Selling With A Loss

Hello Everyone. :)

Say I have an IP that I want to sell. Unfortunately, instead of profit, I will incur a loss. Questions:

  1. The current tenants are contracted for several months. By selling the property, what will be the implications on my side?
  2. Say the loan of the IP is $300K. If the selling price is $260K, for example, there is a shortfall of $40K. Will the bank ask me to pay it as a lump sum? Will the LMI help in any case in this scenario?
Pardon the ignorance around my questions. :eek:
Never been on this situation before.

Appreciate all your inputs.

Thanks.
 
Hello Everyone. :)

Say I have an IP that I want to sell. Unfortunately, instead of profit, I will incur a loss. Questions:

  1. The current tenants are contracted for several months. By selling the property, what will be the implications on my side?
  2. Say the loan of the IP is $300K. If the selling price is $260K, for example, there is a shortfall of $40K. Will the bank ask me to pay it as a lump sum? Will the LMI help in any case in this scenario?
Pardon the ignorance around my questions. :eek:
Never been on this situation before.

Appreciate all your inputs.

Thanks.

The lease will hold. You might be better off wait till the end of the lease to sell so that you have owner occupier looking at your property as well.

When the settlement occurs you make up whatever shortfall from proceeds of the sale to cover your outstanding mortgage.
 
The bank will not discharge the mortgage until their loan is repaid. So you will need to come up with the full amount of the loan in order to settle - ie pay the bank another $40k at settlement, based on your example.

LMI will only help the bank if you default and cannot pay. It won't help you.
 
I had clients who (prior to becoming my clients) found themselves in this situation, and they got a loan with the same bank to cover the shortfall, so it doesn't have to be your own cash, it can be borrowed.

Terry_w - in this situation would the debt still be deductible as it is essentially the transferred left over debt of the IP?
 
I had clients who (prior to becoming my clients) found themselves in this situation, and they got a loan with the same bank to cover the shortfall, so it doesn't have to be your own cash, it can be borrowed.

Terry_w - in this situation would the debt still be deductible as it is essentially the transferred left over debt of the IP?

Yes in certain situations a tax deduction could still be claimed if the original asset is gone, but the loan used to purchase it is still going. Best to get advice well before selling for this.
 
Thank you all for your thoughts. Much appreciated.

So basically, we to have to come up with the shortfall whether by cash or a new loan (i.e. Personal loan).
Will definitely consult our accountant regarding tax deduction eligibility on this scenario.

If we default, then LMI can cover it but then our credit history is badly affected. Is this correct?

Also, what if for any reason the buyer is owner-occupier, are we obliged to pay off the contract of the tenant?

Thanks once again.
 
Thank you all for your thoughts. Much appreciated.

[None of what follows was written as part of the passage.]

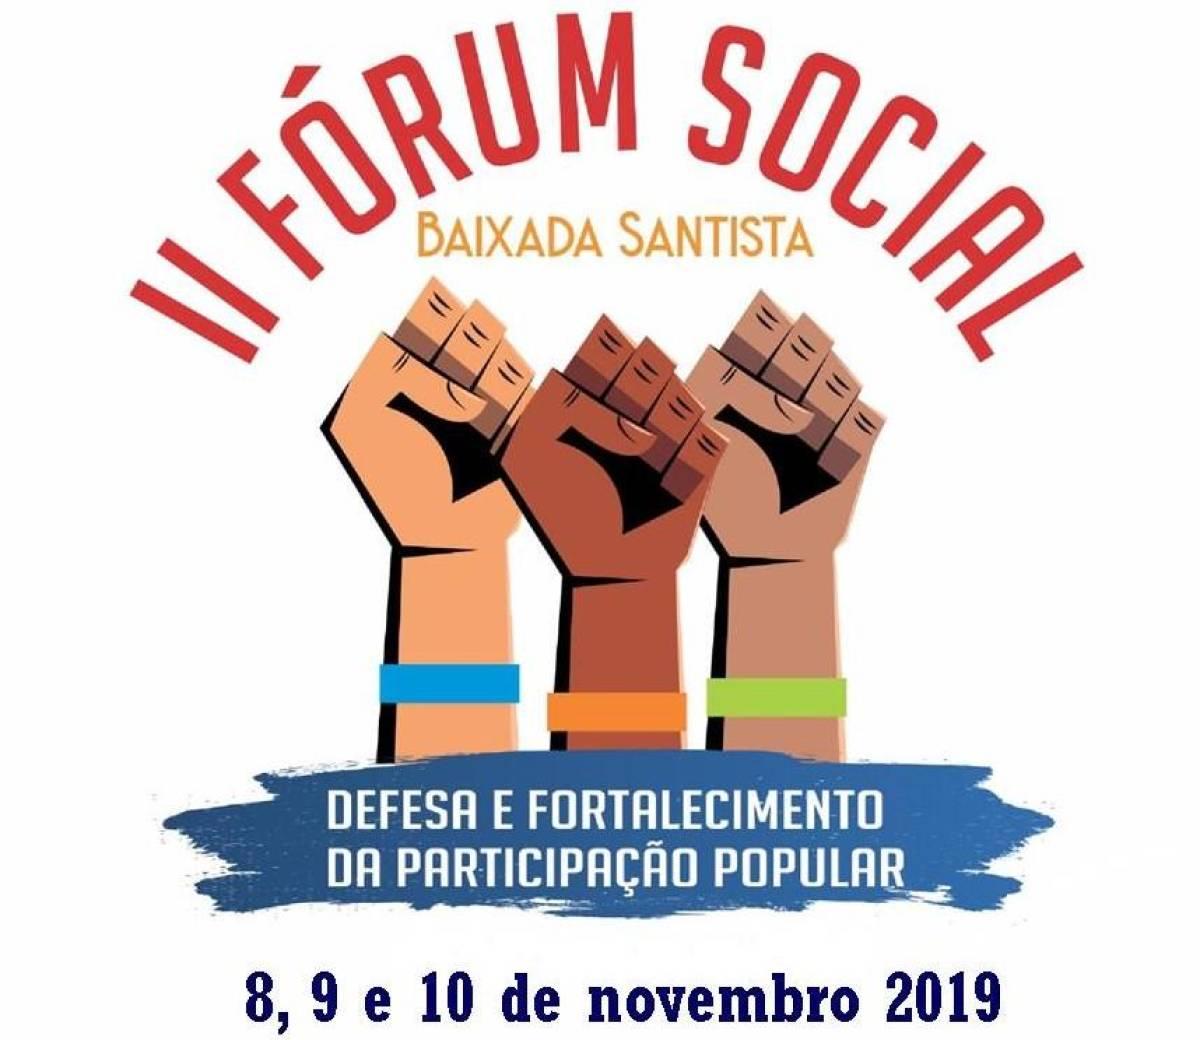 Lançamento do II Fórum Social Baixada Santista acontece neste sábado, 5/10

So basically, we to have to come up with the shortfall whether by cash or a new loan (i.e. Personal loan).
Will definitely consult our accountant regarding tax deduction eligibility on this scenario.

If we default, then LMI can cover it but then our credit history is badly affected. Is this correct?

Also, what if for any reason the buyer is owner-occupier, are we obliged to pay off the contract of the tenant?

Thanks once again.

LMI will hunt you down for the money after they pay out the lender. So it trashes your credit file and you still get to pay the money.

The new owner inherits the tenant as you are not able to offer "vacant possession". Some OOs will not buy your property because of this.
 
So basically, we to have to come up with the shortfall whether by cash or a new loan (i.e. Personal loan).

Where is the property?
I ask because Brisbane for example has still growth left in it so by selling now you will be stuck with a liability and you will miss out on the potential capital gain (which sooner or later will come)
 
The property is in Caboolture.
It's way under performing and affecting our finances in general.
With our plan to upgrade our PPOR, this IP is holding us back.

So it seems cutting our losses and regrouping is a better strategy than "hold-and-pray".